Robotic-assisted surgery has the potential to cancel hand tremor to provide stabilization of intraocular instruments and to automate certain steps or procedures. This in turn may limit surgeon fatigue and variability. The enhanced stability and dexterity provided by a robotic system could allow for the successful performance of certain high-risk surgical procedures, such as retinal vein cannulation, or subretinal injections. The ability of certain robotic systems to physically separate the operator and the machine also allows for the possibility of telesurgery. Ultimately, the technical potential of robotic-assisted surgery could lead to new frontiers in vitreoretinal surgery in terms of patient safety and efficacy.

3 Surgical Approaches

The ideal design of a robotic system should be intuitive, lightweight, and maneuverable; protect surgical entry points from instrument damage; be easily assembled by nontechnical staff; include a visualization system that matches or exceeds current surgical microscopes; and incorporate fail-safe mechanisms to prevent inadvertent injury in the event of sudden patient movements [4,5,6]. Three main types of surgical robots currently exist, which differ based on the complexity of the robot and the nature of human-machine interaction.

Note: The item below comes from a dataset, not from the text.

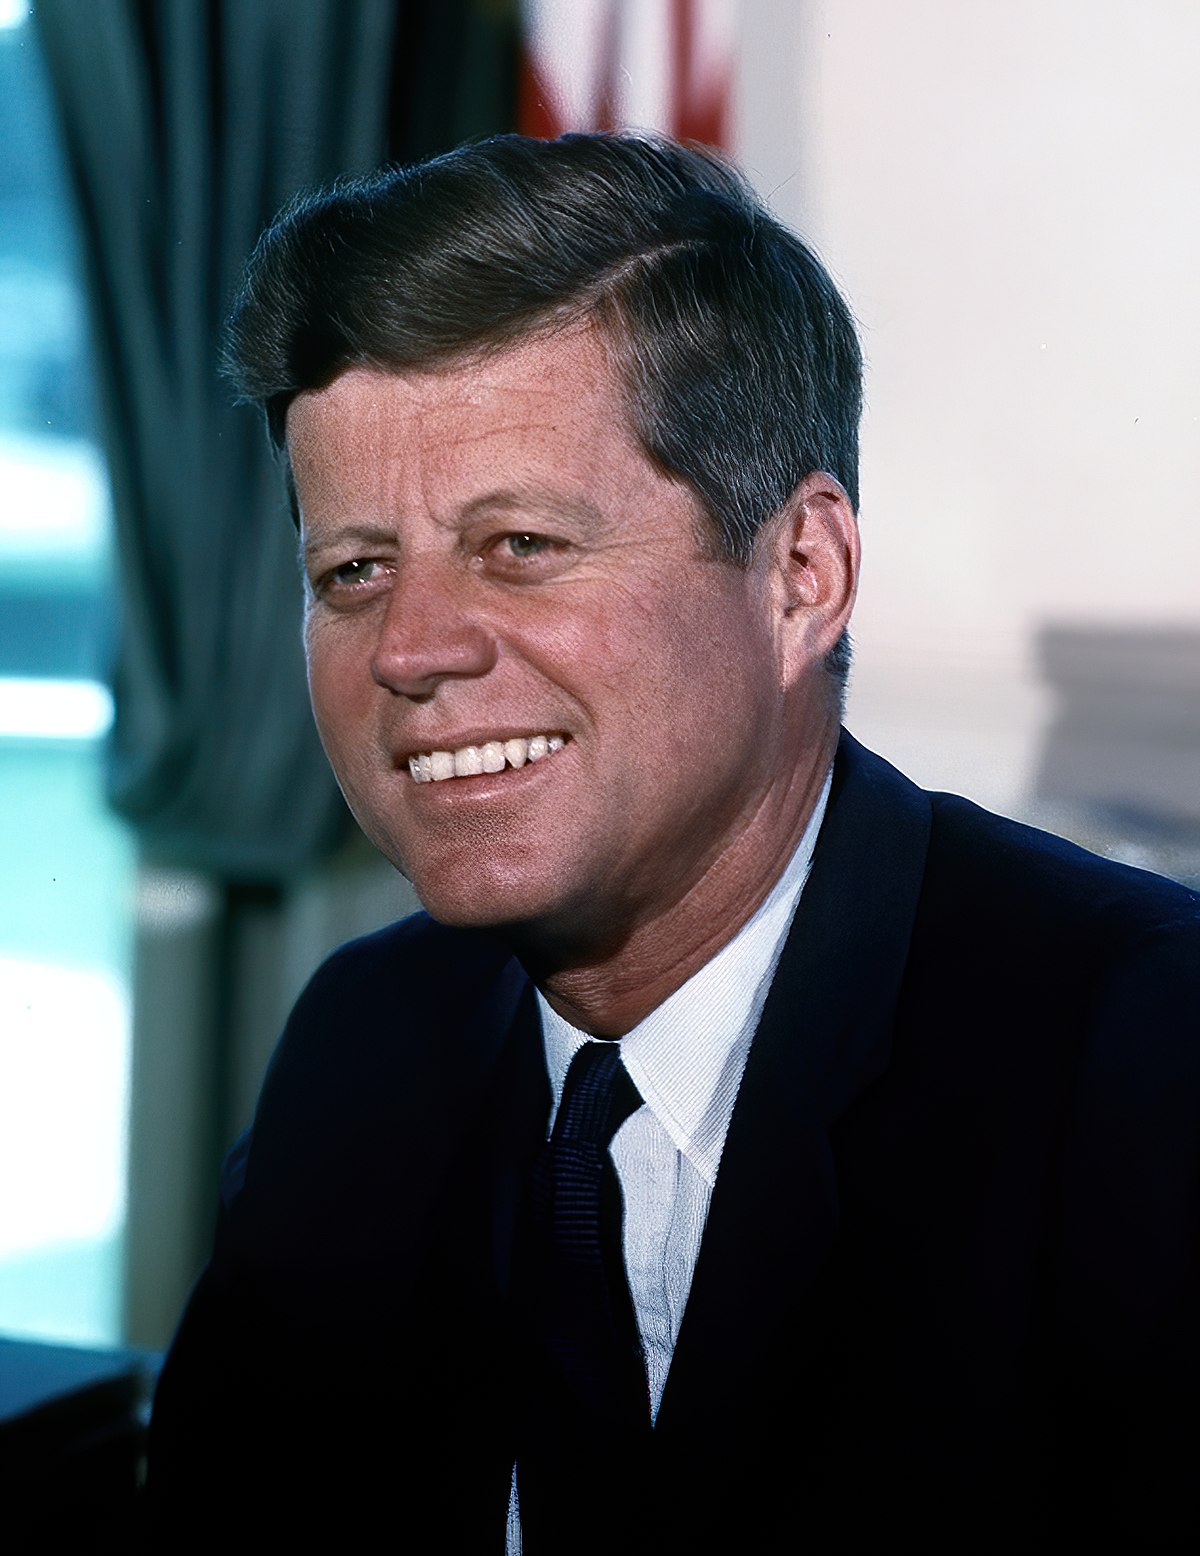 spicy historical facts - john f kennedy

  • Conventional: The surgeon uses a surgical microscope and microsurgical instruments to perform intraocular tasks with direct visual and proprioceptive feedback.

  • Robot-assisted tool: The surgeon uses an optical microscope and handheld miniature robotic tool to perform intraocular tasks with visual feedback. The microsurgical tool has the ability to cancel tremor and lock depth, among other features.

  • Cooperative robotic system: The surgeon controls the surgical tool in conjunction with the robotic system while a microscope and/or optical coherence tomography (OCT) machine provides visual feedback. The robotic system is capable of augmenting or correcting the movements of the surgeon.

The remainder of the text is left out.